Personal information
- Full name: Charles Thomas Challenger
- Born: 9 December 1917 Fremantle, Western Australia
- Died: 28 November 1996 (aged 78) Fairfield, Victoria
- Original team: Brunswick
- Height: 174 cm (5 ft 9 in)
- Weight: 76 kg (168 lb)

Playing career^{1}
- Years: Club / Games (Goals)
- 1938-1940: Brunswick (VFA) / 39 (3)
- 1940: Essendon (VFL) / 2 (0)
- 1940-1941: Brunswick (VFA) / 27 (6)
- 1946-1947: Brunswick (VFA) / 16 (4)
- Total:  / 84 (13)
- ^{1} Playing statistics correct to the end of 1947.

= Charlie Challenger =

Australian rules footballer (1917–1996)

Charles Thomas Challenger (9 December 1917 – 28 November 1996) was an Australian rules footballer who played with Essendon in the Victorian Football League (VFL).

==Family==
He married Margaret Ellen Donohue in 1960.

==Football==
===Brunswick (VFA)===
In April 1937, he was cleared from Plenty Rovers in the Diamond Valley Football League to the Brunswick Second XVIII. Although not part of the regular home-and-away VFA season, Challenger played a match with the Brunswick First XVIII, in which he was declared Brunswick's "most effective player", against the Ballarat Imperial Football Club in September 1937.
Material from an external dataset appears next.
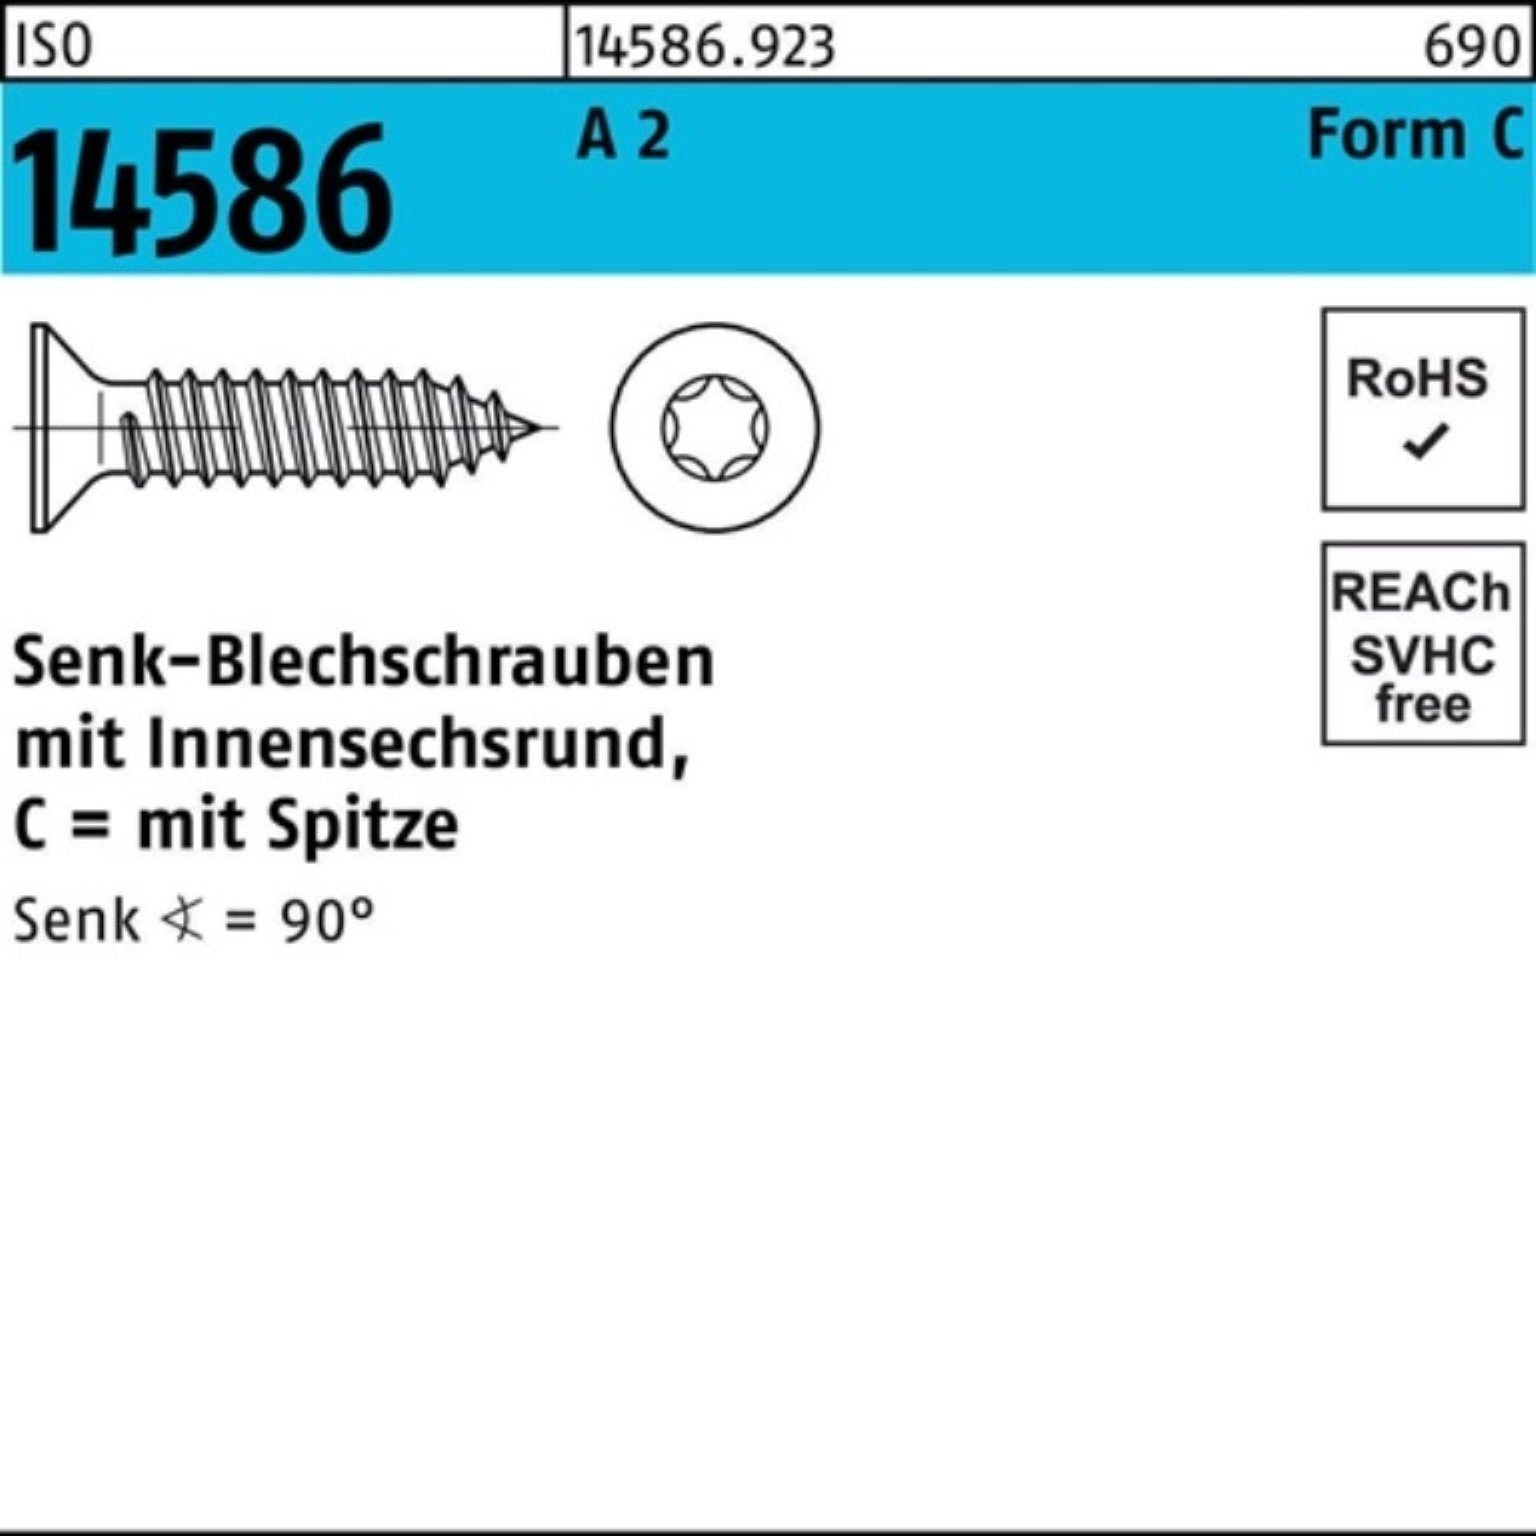 19 6,3x ISO Schraube ISR/Spitze Senkblechschraube Pack 5 -C 500er 2 Reyher T30 14586 A

He played his first senior VFA home-and-away match for Brunswick, against Coburg, on 16 April 1938; and, at the end of his first senior season, he was declared the club's "most improved player".

He played in two VFA Grand finals:
- 1938: as a wing-man (kicking 2 goals) in Brunswick's 19-17 (131) victory over Brighton 14.14 (98).
- 1939: as a back-pocket in Brunswick's nine point loss to Williamstown, 14.11 (95) to 14.20 (104).

===Essendon (VFL)===
On 21 March 1940 he trained for the first time with Essendon. He was cleared to Essendon in April 1940.

He only played in two First XVIII games for Essendon, both on the half-forward flank: against Fitzroy on 18 May 1940, and against Hawthorn on 25 May 1940.

===Brunswick (VFA)===
He was cleared back to Brunswick from Essendon in July 1940, and played his first senior match in his second time at Brunswick, in the back-pocket, against Coburg on 6 July 1940.

==Military service==
He served in the Australian Army during World War II.